Then he came back again with his 3rd channel called Slave New World. In this channel his videos were far more historical tracing the custom of transgenderism among the ruling class and much less focused on outing individuals. Naturally, this channel was also quickly taken down some months back and no one has heard from him since. After the take-down someone posted a video showing that even though on YT he only had tens of thousands of followers, the mobile phone's YT algorithm showed millions of views.

So once again, we have dozens of channels allowed to run with the ball, but the best and most charismatic intelligent researcher is censored.

IMHO the amount of research he did is worthy of consideration and point to the fact that at least a certain portion of the  so-called ruling class DO have a habit to transgender. He was not talking about 'evil transgenders' as all transgenders being evil, but showing evidence that there has existed a certain group of ruling elite who lived and promoted this lifestyle for either religious or esoteric reasons.

Also IMHO the three most important threads to research at present are (in no particular order)

The Klaus Schwab thread - as the topic of the thread will affect our future like nothing to date (with the exception of the resets of course)
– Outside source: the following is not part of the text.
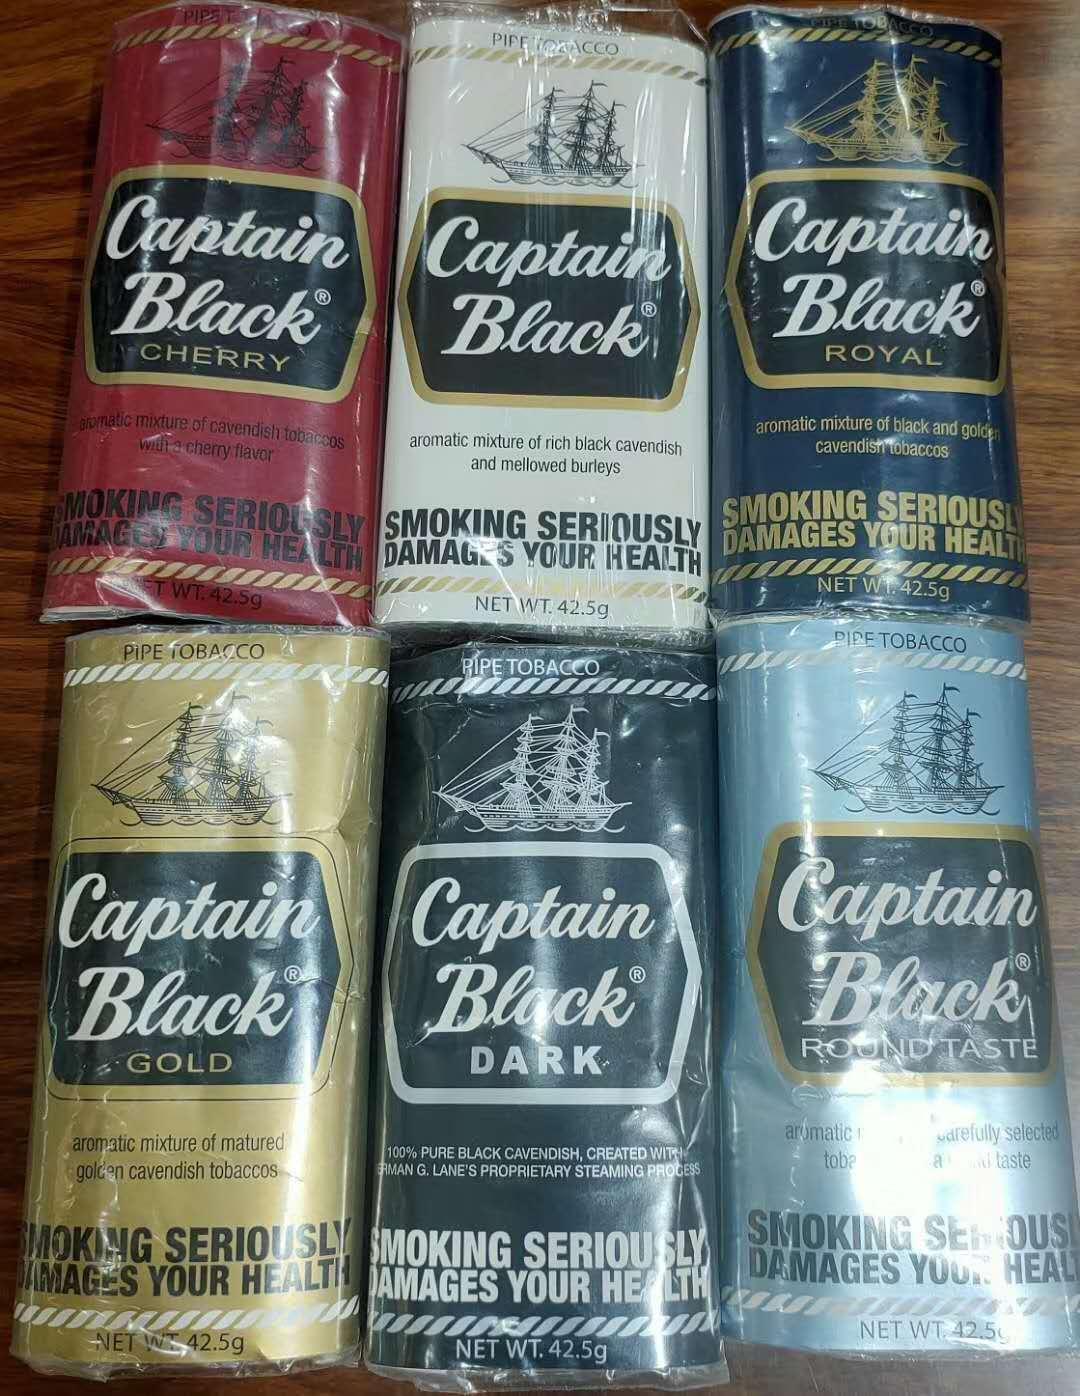 老船长烟丝官网Captain Black  老船长烟丝都有什么味道

This one - as it offers a compiled theory which I would categorize as 'somewhat probable'

Nature of the Beast - also a thread attempting to put together many pieces of the puzzle.



Magnetic said:


> They don't want us to know of the regular short interval chaotic blasting of earth by deadly forces so they project history backwards to give the impression of a continuous historical movement.



Based on my research (which is based on others' research) i think this is a distinct possibility also. One of the channels I follow that is pretty heavily into this is Jason Breshears on YT. He has done considerable historical research and has been building a timeline. I haven't read his books yet, only watched his videos.


----------



## emperornorton (Nov 23, 2020)

Magnetic said:


> written history and explanations of artifacts seem to be invented.  Events like The Civil War in America have no photographs of the ongoing battles themselves and we know the Northern Army Photographers  were present.  It doesn't make any sense unless something else was going on and it isn't what we were told.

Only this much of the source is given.